Karne Kötü, Çocuk Evden Kaçmış, Baba Perişan

ızini aramakla bulamayacağı çocuğunun peşinden giden babanın dramı gerçekten üzücüydü. Koskoca şehirde, oğlunun gittiği yeri, kaldığı adresi bilmeden yollara düşmek, onun içindeki umudun dürtüsü olsa gerek.


 


Bugün ilk ve ortaöğretim okullarında karne günü.


 


15 yaşında bir genç. Karnesi kötü olduğu için evden kaçıyor.  Ankara’dan Mersin’e gittiği biliniyor sadece.  Hangi saatte, nereden, hangi otobüsle, kaç kişi olarak gittikleri dışında bir bilgi yok. Karne kötü olunca, çevresinde kafa kafaya verdiği başka arkadaşlarıyla birlikte kaçıyor.

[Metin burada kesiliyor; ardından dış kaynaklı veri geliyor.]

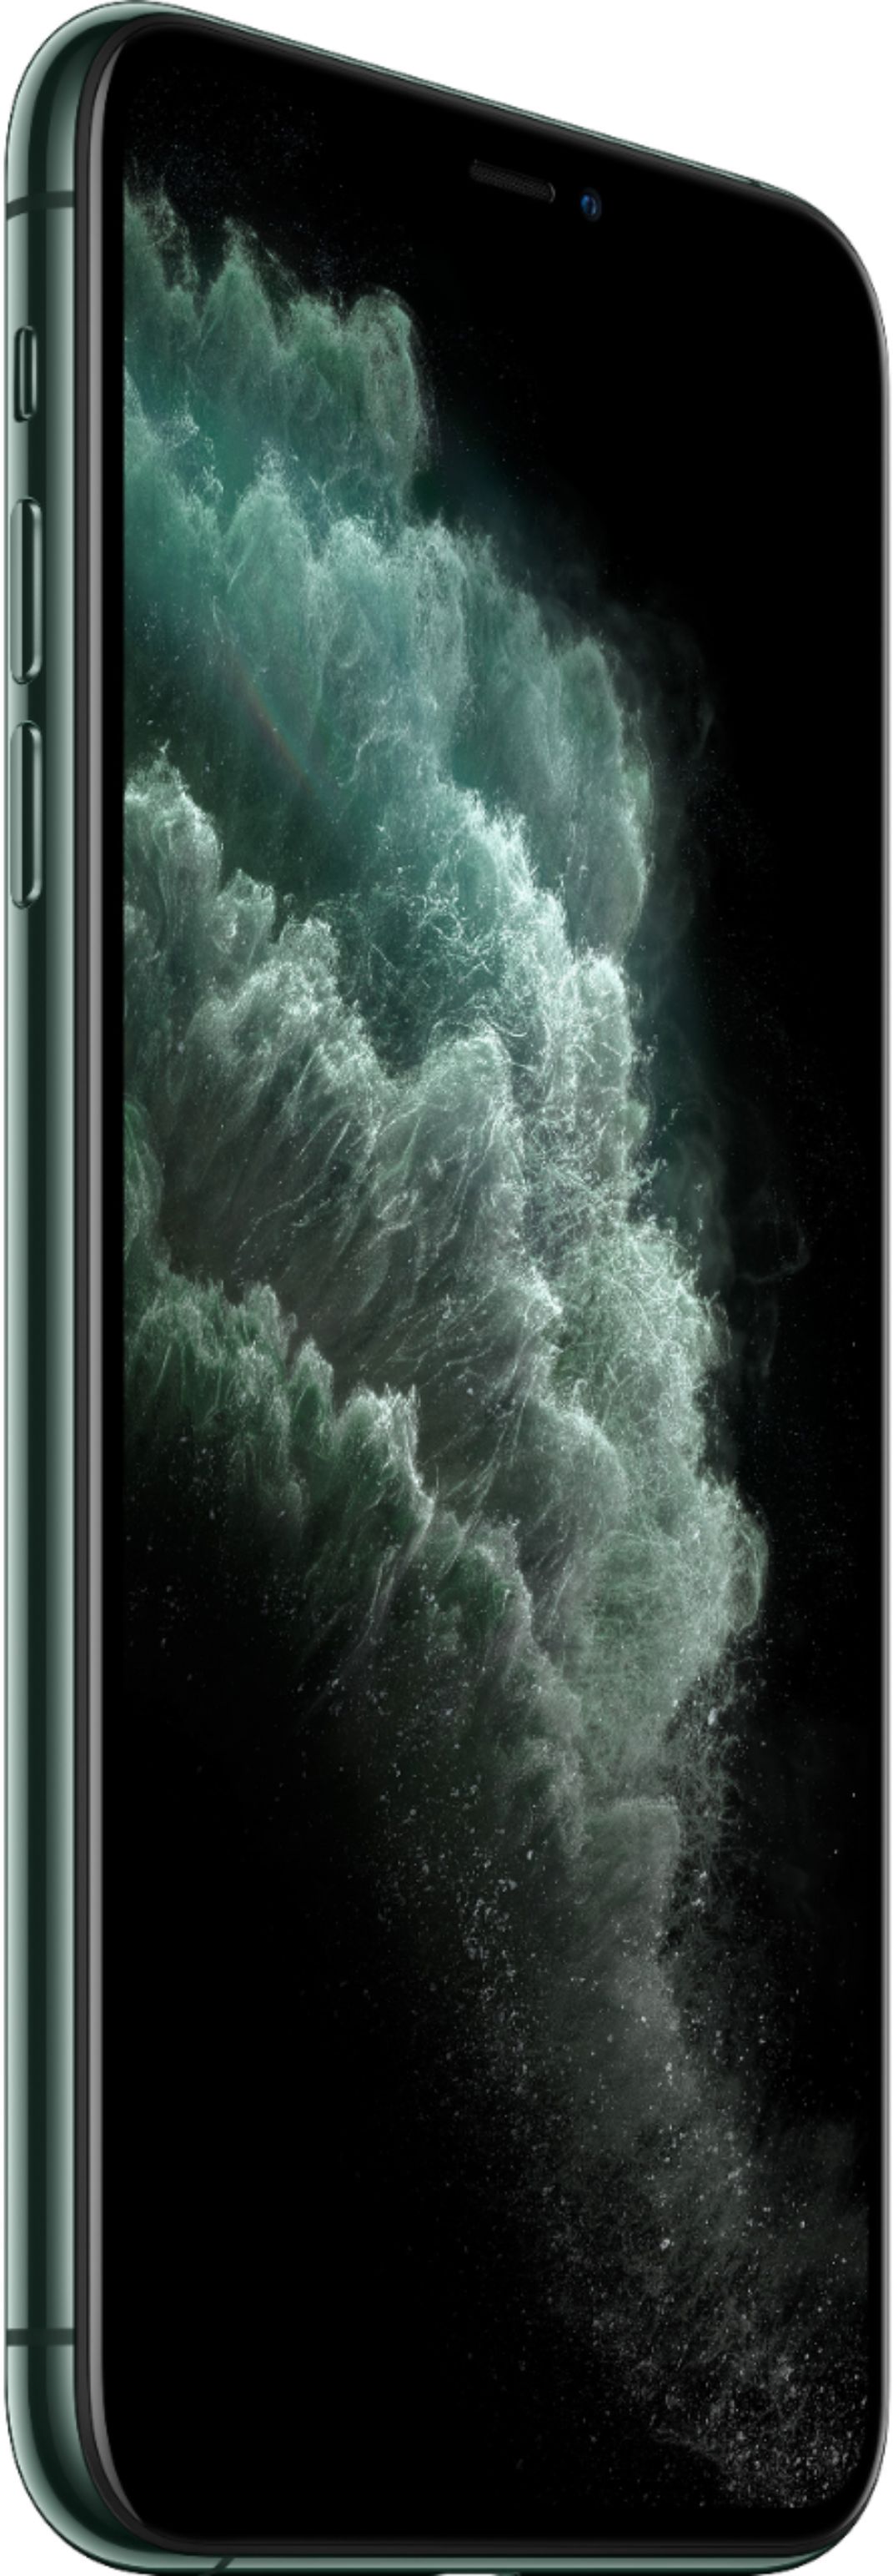 スマホアクセサリー iPhone用ケース Best Buy: Apple iPhone 11 Pro Max 64GB Midnight Green (Sprint 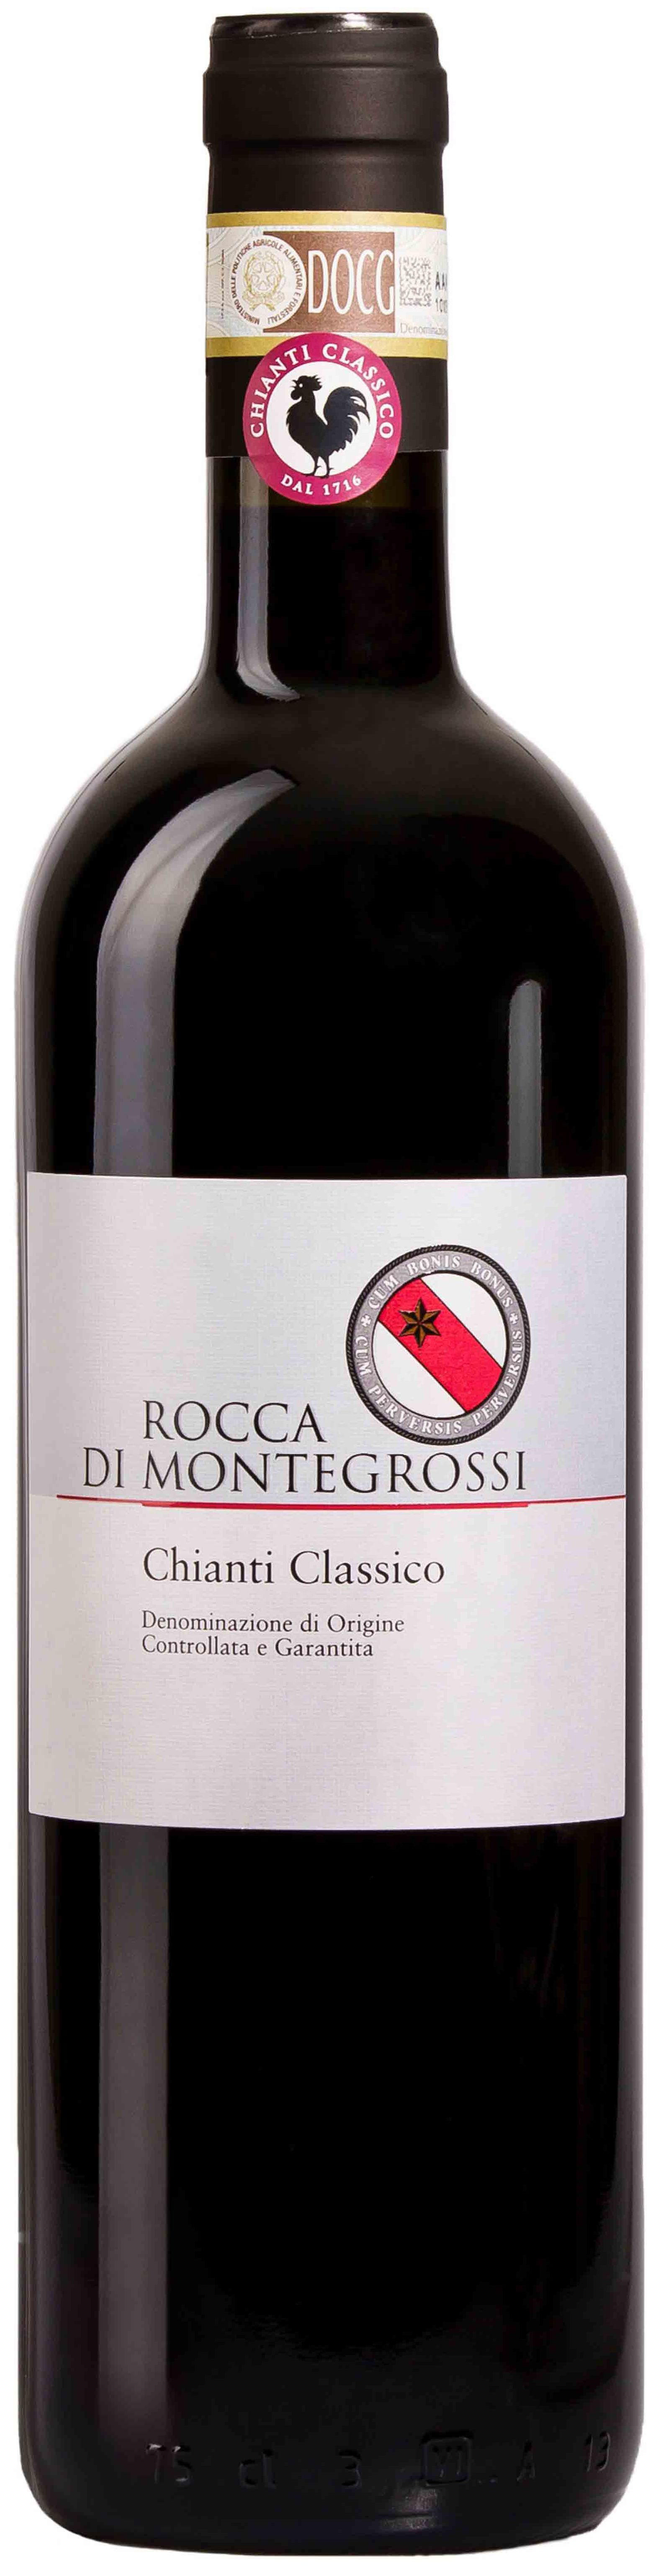 Rocca Di Montegrossi, Chianti Classico, 2005

Bulmak mümkün mü koskoca Mersin’de?  Herhangi bir olaya karışmadığı sürece mümkün değil. Yaptığından pişman olur, karşısına çıkacak olan zor şartlara dayanamayıp dönerse ne ala… Bu arada başına kötü şeyler gelmezse eğer.


 


Bir devlet dairesinde çaycılık yapan babanın perişan hali, etrafındakileri oldukça etkilemişti. Yardımcı olmaya çalışanlar arasına ben de katılarak nerelere, nasıl başvurması gerektiğini aktardık;  orayı burayı arayarak, çaresiz baba için bir şeyler yapabilir miyiz diye çırpındık durduk.


 


Kötü karne, evden kaçan çocuklar ve perişan aileler. Bilinmedik hikaye değil aslında bunlar.  Her karne döneminde evden kaçan çocuklar, hatta intihar edenleri bile duyulur, görülür. Bunlar yabancısı olmadığımız, bilindik hikayeler ama asıl önemli olan,  bu noktaya nasıl gelindiğinin bilinmemesidir.


 


Bu gençler nasıl mahvoluyorlar, nasıl dışarıdaki tehlike çemberine giriyorlar, onları yoldan çıkaran canavarın pençesine nasıl düşüyorlar? Üzerinde yoğunlaşması gerekilen nokta bu olmalı işte. Çocuk evden kaçtıktan sonra değil, kaçmadan önce peşine düşmeli.


 


Eğitim içerikli bütün yazılarımda değinmeye çalışıyorum ki,  okul idaresi-öğretmen-veli her daim yakın diyalog içerisinde olmalı. Ki daha sağlıklı bir öğrenci kitlemiz olsun. Özellikle ortaokul ve lise öğrencilerinin çok yakın takibe ihtiyaçları var. Tepelerinde, peşlerinde olunduğunu çok fazla hissettirmeden takip edilmeleri, yani çocukların, aile ve okulun ilgi alanından çıkarılmamaları, hem öğrenci, hem okul, hem de ailelerin yararınadır.


 


Kötü karne, kötü not, tembel öğrenci, verimsiz öğretmen, gevşek okul idaresi, ilgisiz aile kavramları için, her zaman vurgulamaya çalıştığım gibi, okullarda rehber öğretmen bulundurulması şartı üzerinde yoğunlaşmak gerektiği konusunu tekrarlamak istiyorum.


 


Geçen yıllarda birçok kez yazdım “okullarda son hafta boş vermişliği”ni. Daha okulların  kapanmasına en az iki hafta kala çocuklar serbest bırakılıyordu, yoklama alınmıyordu, ders yapılmıyordu, vs.. Çocuk okulda mı, dışarıda mı, ne veli biliyor, ne de okul. Son zamanlarda, son hafta boş vermişliği konusunda biraz daha dikkatli bir yaklaşım var ama yeterli değil. Öğretmen sınıfa geliyor ama kim gelmiş, kim gelmemiş, üzerinde durulmuyor.  Oysa son güne kadar yoklama alınıp, devamsızlık durumunda velinin haberdar edilmesi gerekir.  Aile, çocuğunu okulda biliyor ama çocuk okulda değil. ınternet kafede yada orada, burada.  Okul saatinde öğrencinin başına dışarıda bir iş gelse bunun yükünü kim taşıyabilir ki?


 


Okul kapısının hemen dışında çocukları bekleyen ne kadar çok tehlike olduğunu hem okul idaresi, hem öğretmen, hem de (bu konuyla yeteri kadar yüz yüze olmasa da) aile gayet iyi bilmektedir.  Yazımın başında vermeye çalıştığım karne dramı da okul kapısından hemen ötedeki tehlikenin gerçekleşmiş halidir.


ış işten geçtikten sonra çare aramak değil, iş işten geçmeden önlem almak en doğru seçenektir.